苦戦が続き負傷のジョコビッチに元世界4位ルゼツキー氏が「彼は再起の意欲を持って戻ってくる」と期待!<SMASH>

先日行なわれたテニス四大大会「全仏オープン」(フランス・パリ/クレー)でベスト8に進出するも、右ヒザの内側半月板損傷により準々決勝を試合前に棄権し、直後に同箇所の手術を決行した世界2位のノバク・ジョコビッチ(セルビア)。今季はツアー優勝どころか決勝進出もなく苦戦が続いているが、1997年の全米オープンで準優勝を経験した元世界4位のグレッグ・ルゼツキー氏(イギリス/50歳)は、37歳の鉄人の再起に期待を寄せている。

四大大会で史上最多の24度もの優勝を誇るジョコビッチは、現状トップ30では最年長の選手であり、100位圏内まで広げても元世界3位のスタン・ワウリンカ(スイス/現93位/39歳)に次いで2番目に年齢が高い。これまで長期離脱はほぼなく、昨季は四大大会3勝を含む7つのツアータイトルを獲得。若手に引けを取らないパフォーマンスでファンを魅了し続けてきた。

それゆえに、今季のジョコビッチにはどうしても物足りなさを感じてしまうが、早期敗退が目立つかと言われればそういうわけではない。1月の「全豪オープン」(オーストラリア・メルボルン/四大大会)、4月の「モンテカルロ・マスターズ」(モナコ・モンテカルロ/ATP1000)、5月の「ジュネーブ・オープン」(スイス・ジュネーブ/ATP250)の3大会でベスト4に進出。冒頭の通り先の全仏オープンでは8強入りし、調子が上がれば以前のような強さが戻りそうな雰囲気はある。

そんなジョコビッチの現況を踏まえ、ルゼツキー氏は最近出演した海外メディア『Tennis Channnel』のポッドキャストで自身の考えをこう口にした。
「彼は全仏でいいプレーをしていたし、私自身はノバクを軽視するつもりはない。ノバクがあと2~4年ほどプレーしたいなら、何があろうと彼を甘く見てはいけない。今回のヒザのケガは深刻なものではなく単なる不運だ。彼はおそらく私が今まで見た中で最も規律正しく、最高のアスリートだと思う。そう言えるほど優れた選手だ」

先日「ノバクの代理人と話をした」というルゼツキー氏によれば、ジョコビッチは「もっと長くプレーしたい。テニス界のトム・ブレイディ(アメリカ/元NFL選手/45歳で引退)になりたいと言っていた」という。同氏は男子ツアーを長らくけん引してきたテニス界のスーパースターにエールを送る形で、改めて次のように語った。
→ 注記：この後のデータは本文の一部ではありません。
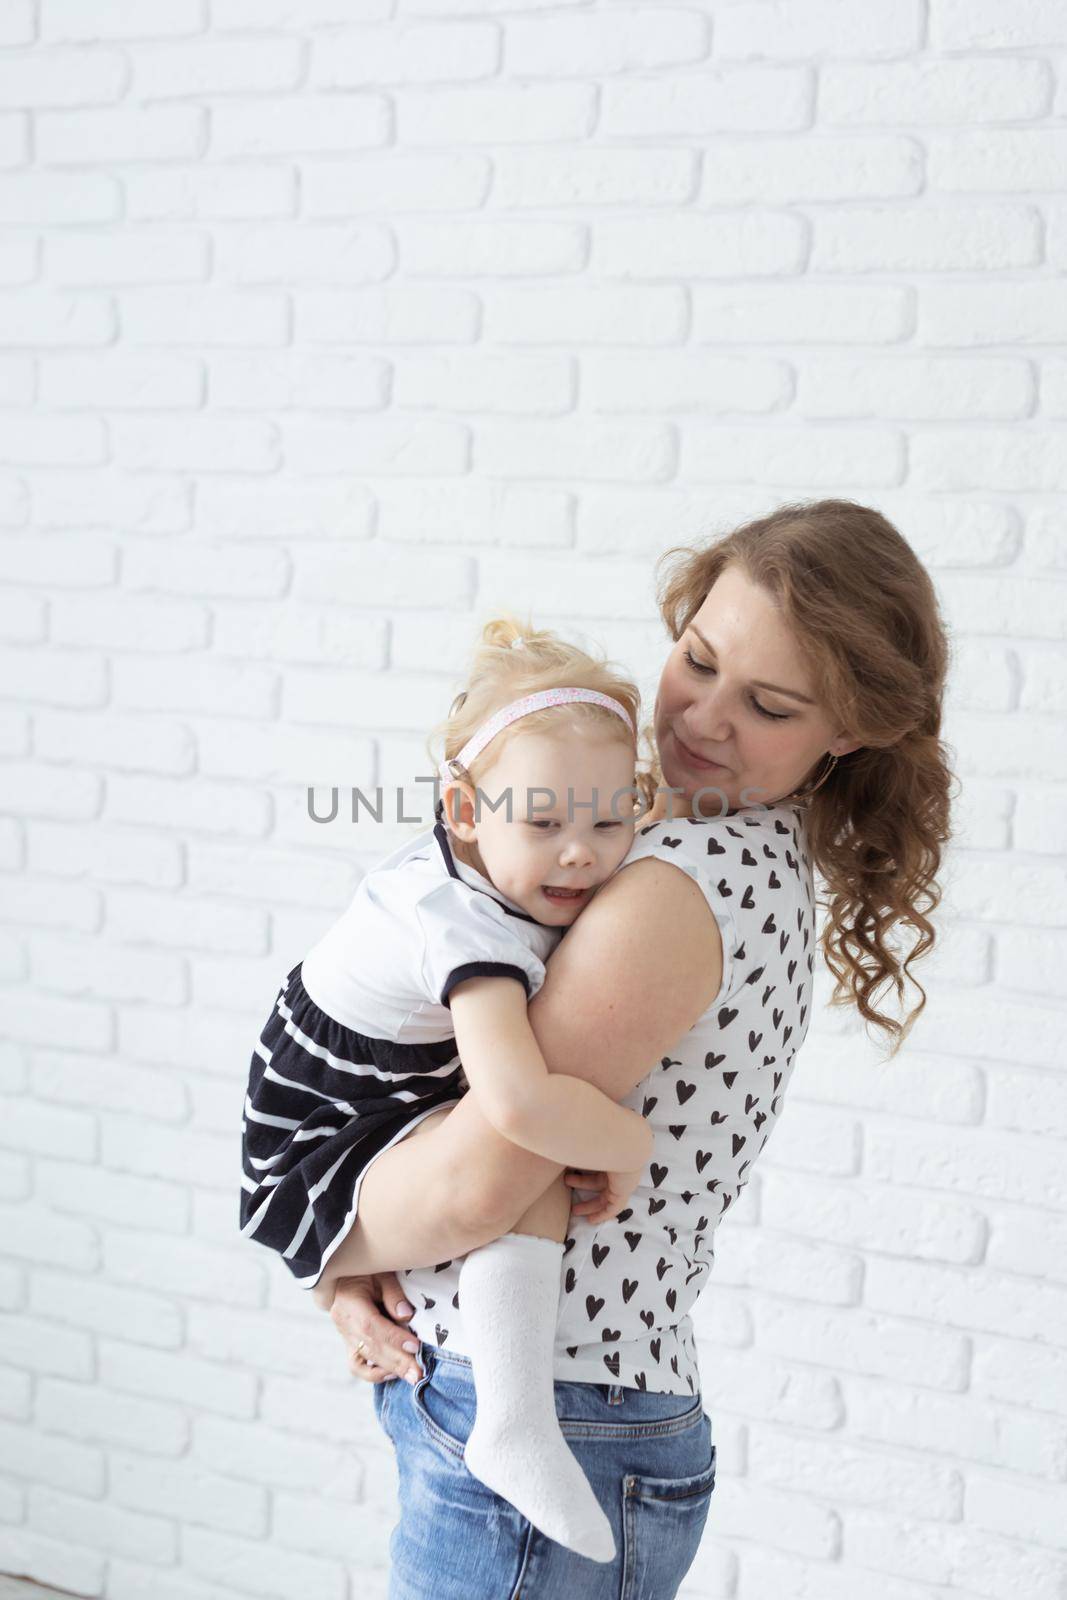 Baby with cochlear implant hearing aid having fun with her mother - deafness and diversity concept. Copy space place for advertising

「確かに、今年は彼にとっては素晴らしい年ではないが、昨年は四大大会3つを制したし、ウインブルドン(イギリス・ロンドン/芝)でも決勝に進出したことを忘れてはならない。5カ月ほど思うようなプレーができず、今はケガもしているから、みんな彼のことを諦め始めているが、私はそうではない。
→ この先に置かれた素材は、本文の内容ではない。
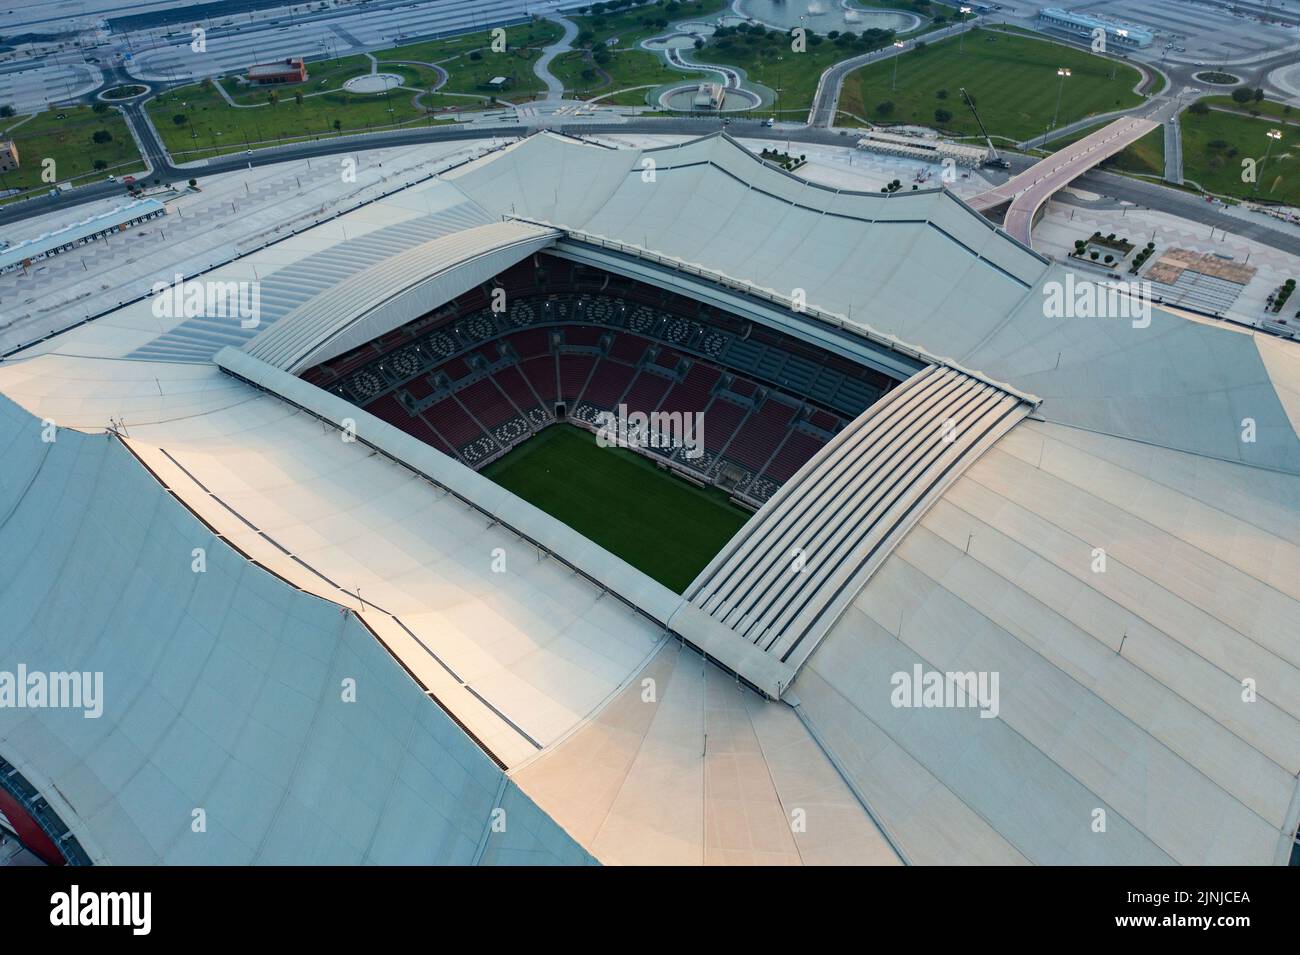 Doha. 12th Aug, 2022. Photo taken on Aug. 30, 2021 shows the aerial view of Al Bayt Stadium which will host the 2022 FIFA World Cup matches in Doha, Qatar. Credit: Xinhua/Alamy Live News Stock Photo

彼は再起の意欲を持って戻ってくると思う。もし彼がまだハングリー精神を持ち、家族と共にツアー転戦を楽しむ姿が見られれば、その時は要注目だ」

なお、ジョコビッチは来週開幕する「ウインブルドン」(7月1日~14日)の会場にて、すでに練習を開始しているという。ただし出場可否についてはまだ明らかにしていない。